Soil behaviours for the choice of constitutive models

Constitutive models are essentially a mathematical description of certain mechanical behaviours of a soil (or rock). They paint a picture of what a soil’s behaviour looks like in aspects relevant to the design. When studying a constitutive model, it is important to drill deeper to understand the underlying soil behaviour the model attempts to simulate.

Constitutive models of a wide variety of complexity have been published over many decades. You’ll see that after so many years, the simplest constitutive models are still the most popular choice, as they are easier to use, with relevant parameters easier to obtain from common test procedures, and the whole methodology easier to demonstrate compliance with codes.

However, simpler constitutive models are usually more idealised and generalised, which means they deviate from the ‘real’ behaviour further. More advanced constitutive models are developed to make up the drawbacks of simpler models, bringing the simulated behaviour closer to reality, suitable for specific given situations.

The holy grail in choosing what constitutive model to use lies in the balance between efficiency and accuracy, which means determining the boundaries around what aspects of behaviour matter to the results and what others to disregard.

This post lists out some commonly seen elements of soil behaviour relevant to constitutive modelling:

• Differentiation between drained and undrained behaviour

  • Drained behaviour represents a state after pore water pressure self-balances by the flow of pore water, thus generates no excess pore water pressure

  • Undrained behaviour represents a state before any pore water pressure is able to flow and try to self-balance, thus generates excess pore water pressure, affecting the effective stress state of the soil and ultimately its mechanical behaviour

  • The above two states are the two extremes on a linear scale. The intermediate states between them are the various degrees of consolidation.

• Differentiation between shear behaviour and volumetric behaviour. Classic linear elastic mechanics has the two coupled but in reality they behave differently:

• Shear has a mode of strength failure (e.g. the Mohr-Coulomb failure criteria) whereas volumetric failure doesn’t happen under normal regimes of soil mechanics

• Shear stiffness generally reduces as strain goes higher whereas volumetric stiffness increases as strain goes higher

• Confining stress dependent strength and stiffness (the compaction effect). This means there are differences between primary loading and re-loading. Primary loading consolidates the soil and results in plastic strain. Unloading and re-loading of the soil is an elastic process but with a much higher stiffness. With more compaction (primary consolidation) comes:

  • Higher friction angle, relative to critical state angle (not a given constant)

  • Lower void ratio

  • Higher volumetric stiffness and shear stiffness

  • Lower water content

  • Lower permeability

• Post-yield softening, which can happen to dense soils. Where shear strength reduces after the yielding point, using perfectly plastic model may over estimate the strength of the soil.

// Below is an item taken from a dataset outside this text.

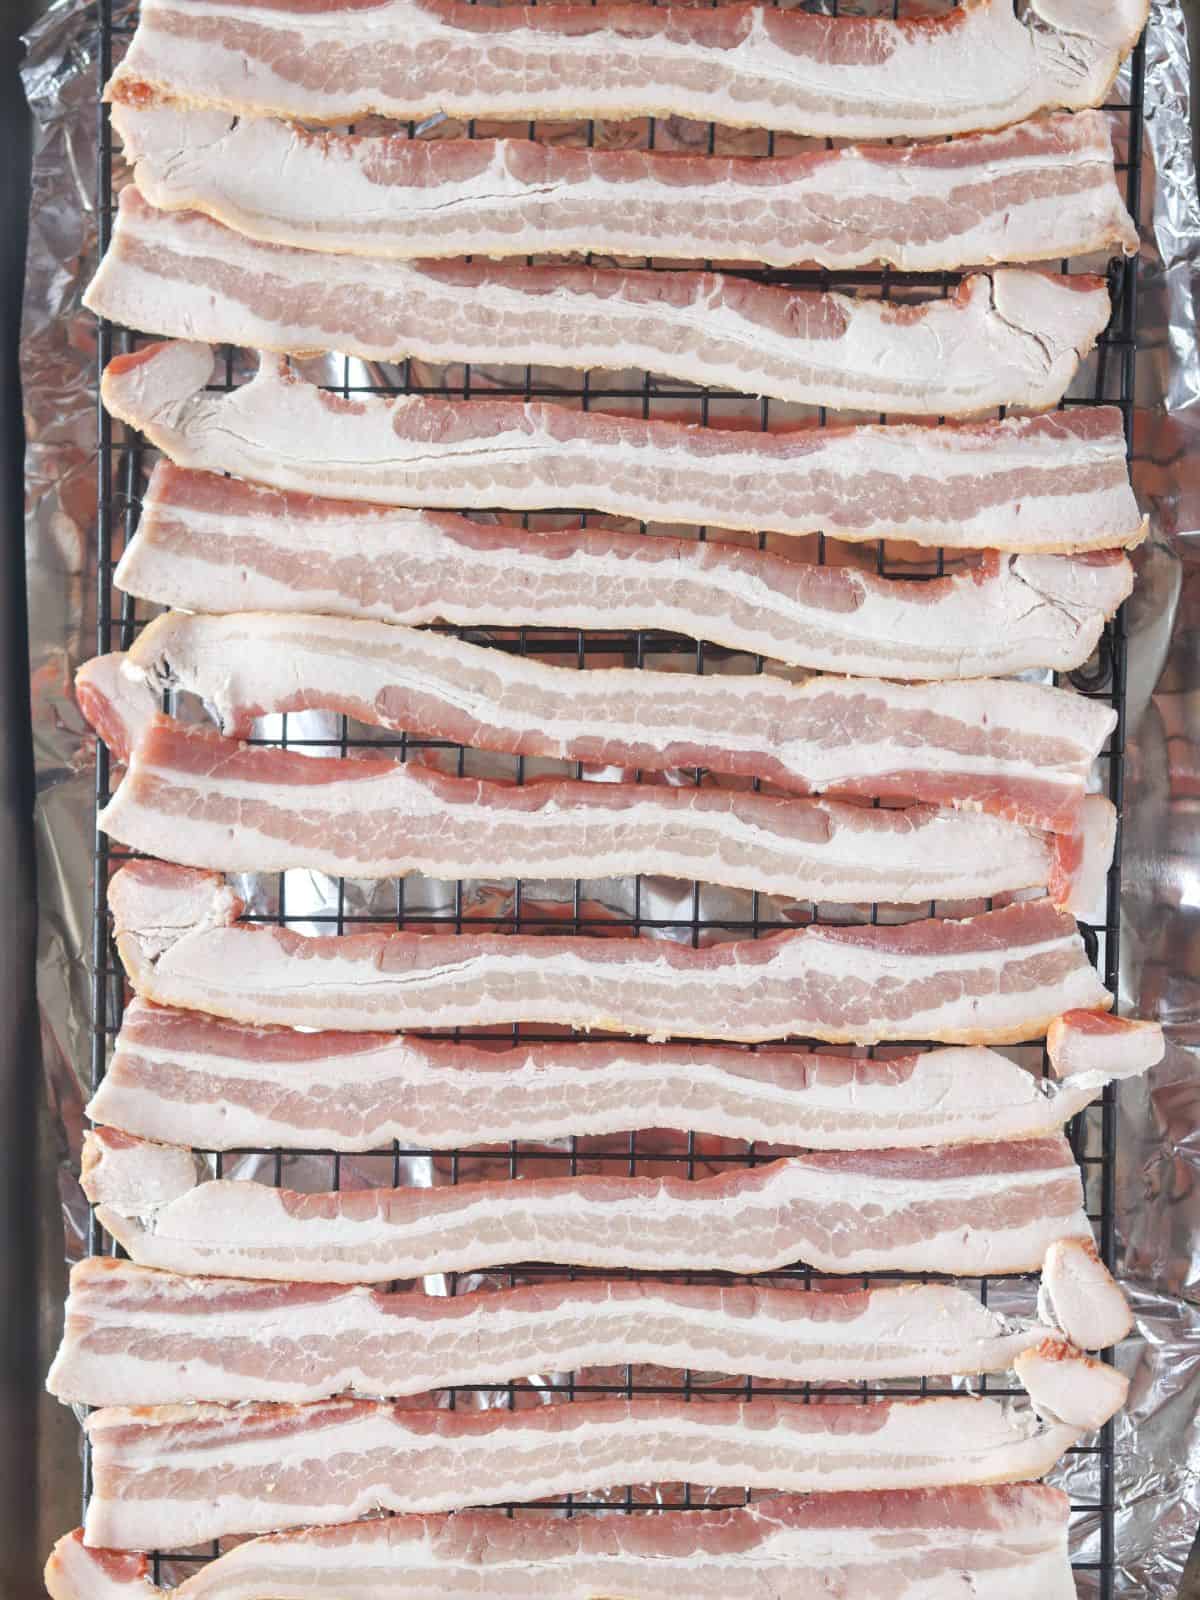 uncooked bacon on a cooling rack in a baking sheet.

• Shear-strain-dependent shear stiffness. The more shear strain there is, the lower the shear stiffness is. The ‘stiffness degradation curve’ is an illustration of this phenomenon.

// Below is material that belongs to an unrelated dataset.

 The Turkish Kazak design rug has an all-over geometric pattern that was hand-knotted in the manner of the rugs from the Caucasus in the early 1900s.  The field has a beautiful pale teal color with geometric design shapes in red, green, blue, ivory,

• Volumetric change due to shear.

  • Over consolidated clay and dense sand tend to have dilatancy

  • Loose soils tend to contract (negative dilatancy)

  • This affects pore water pressure in the undrained condition.

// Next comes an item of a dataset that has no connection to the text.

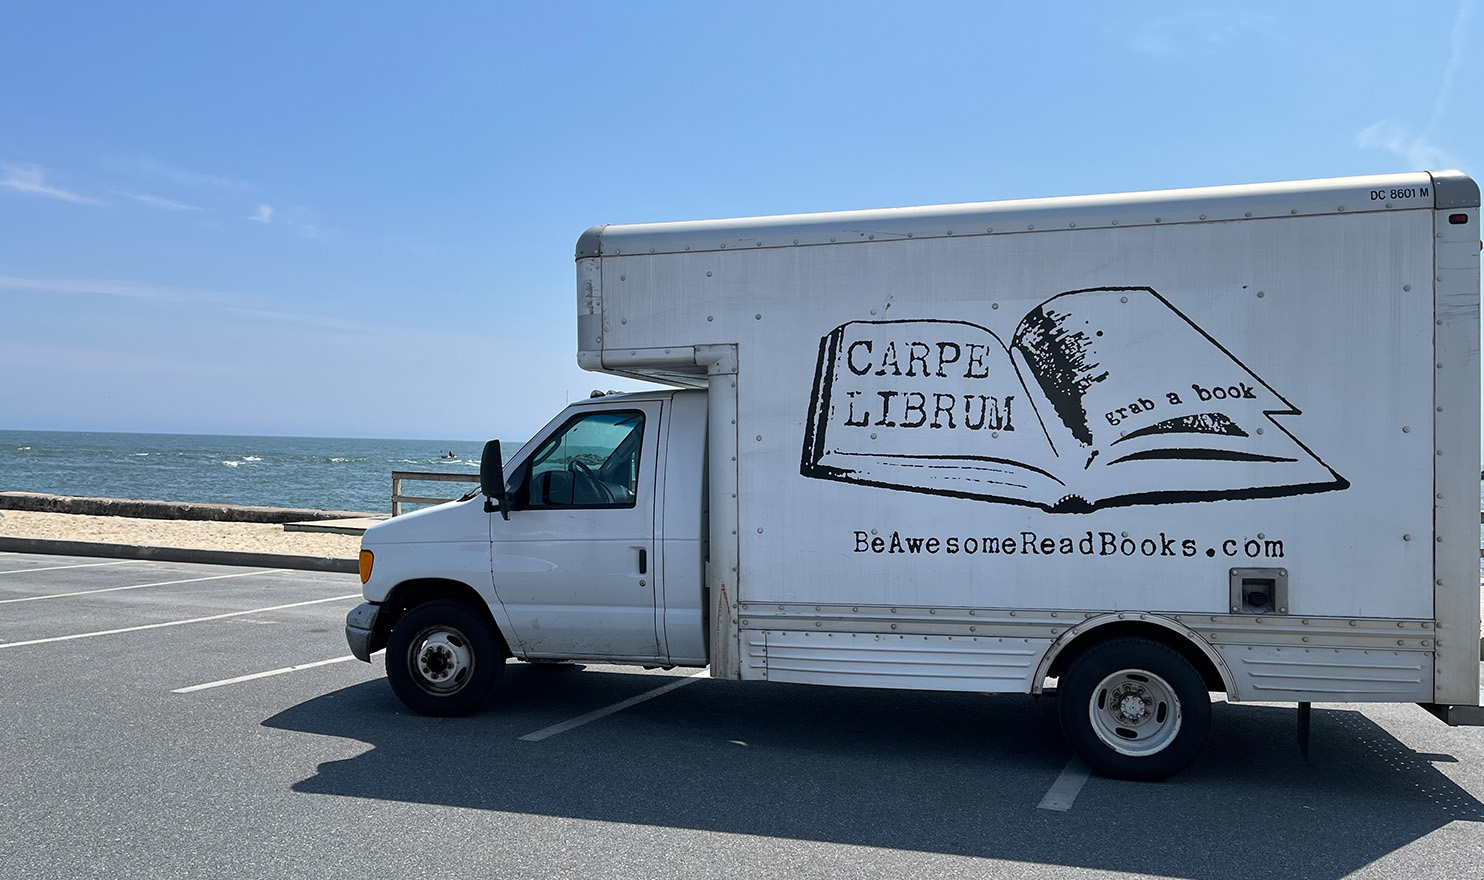 A white box truck with the Carpe Librum logo across the side is parked in a beach front parking lot. Elizabeth and her husband have invested in a truck to transport all their booth supplies to different states along the Eastern United States.

  • Volumetric changes affect undrained soil strength. Dilatant soils have undrained strength higher than drained strength. Contracting soils have the opposite.

• Anisotropy – the behaviour of soil in the vertical direction can be different from that of the horizontal direction. This can be due to the way the soil is deposited, consolidated or weathered.

• Rate and cycles of loading. The faster a soil is loaded, the stiffer it tends to be. Cyclic loadings tend to soften a soil. This is pertinent to structures that are subject to significant dynamic loadings, such as wind load, wave load, blast load and accidental impact load.